Here's the part of Stringer's position paper that shows how well Bloomberg's PR machine achieved its primary goal, getting elected officials to believe the fabrications and not bother themselves with with due diligence.
New York City’s public school system has seen some improvement in recent years: in certain grades student achievement on standardized reading and math tests has posted notable gains; a modest gain in the high school graduation rate has been achieved; there is an ambitious capital plan that seeks to address overcrowding and facility deterioration; the number of gifted and talented and bilingual programs has increased; and additional accountability measures have been put in place.
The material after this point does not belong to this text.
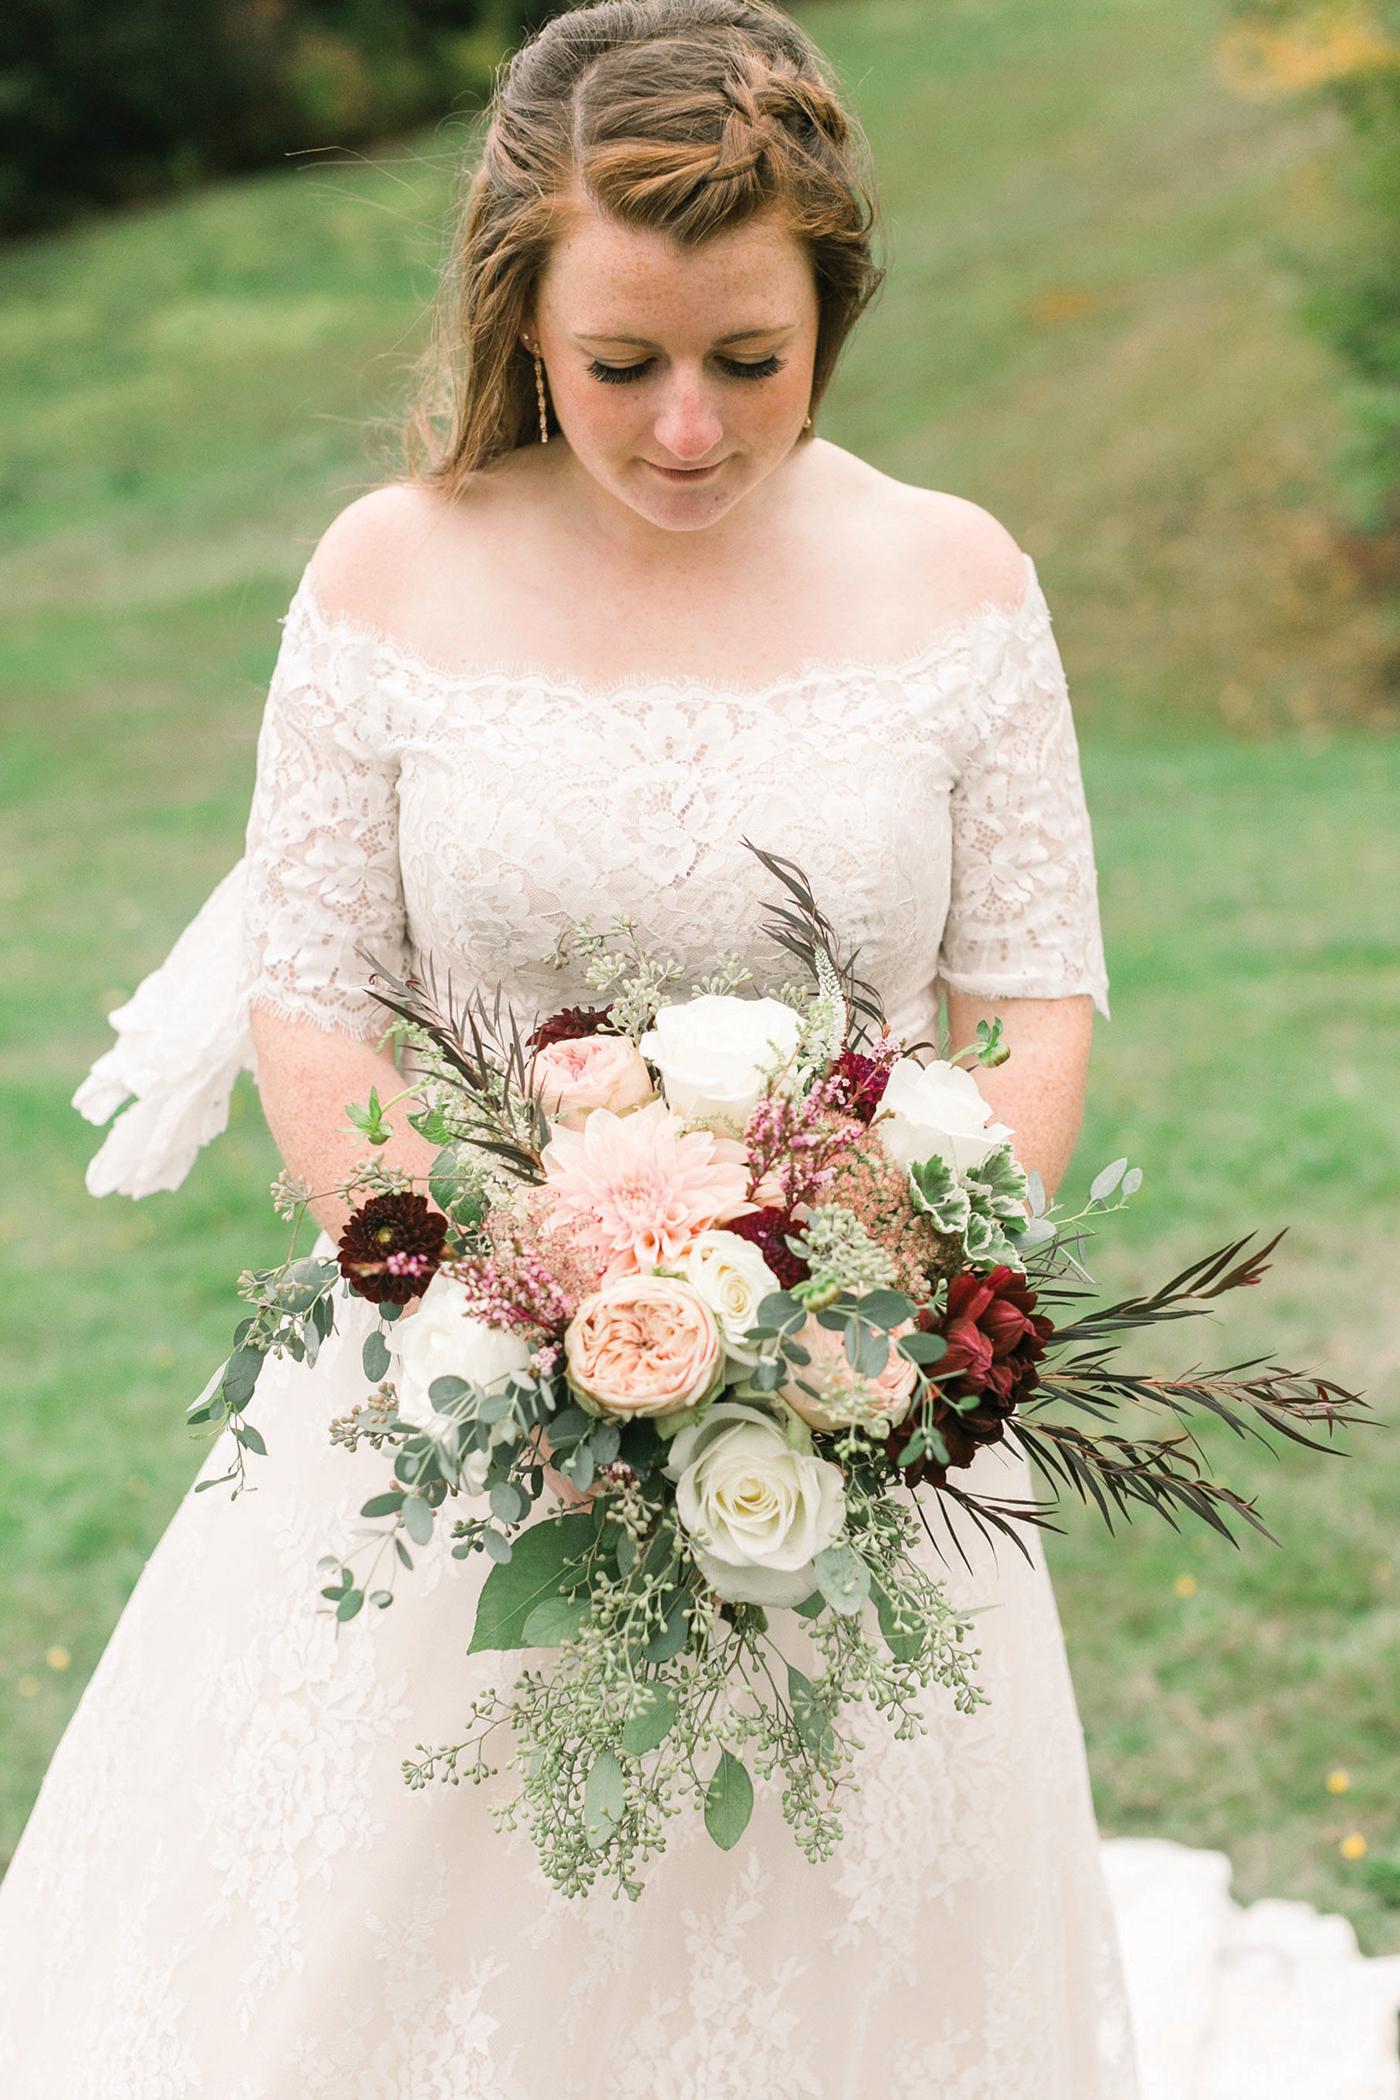 View More: Https://rachelhalsey.pass.us/adams Wedding

Despite this progress . . .

. . . The chancellor has called tackling this achievement gap the major impetus behind new accountability and assessment measures and the most recent re-organization of the system.
In fact, the test score gains and graduation rates have all been debunked, overcrowding is worse than ever (they're still using trailers for classrooms), and there's no sign of a single instrument of accountability or assessment that doesn't leak like a sieve.

If as Stringer says "far too many students lack the most basic skills in reading and math" and "70,000 students each year do not graduate on time," keeping the BloomKlein edifice in place makes no sense. Unless you've sold out for something bigger.
It remains to be seen whether these changes in structure and funding will help close student achievement gaps. Likewise, it remains to be seen if the City’s new pilot program to pay parents and students for improved standardized test scores and good attendance will improve student performance.
If Stringer needs more time to see that this mayoral control thing isn't working, then Manhattan will definitely need to cut him loose.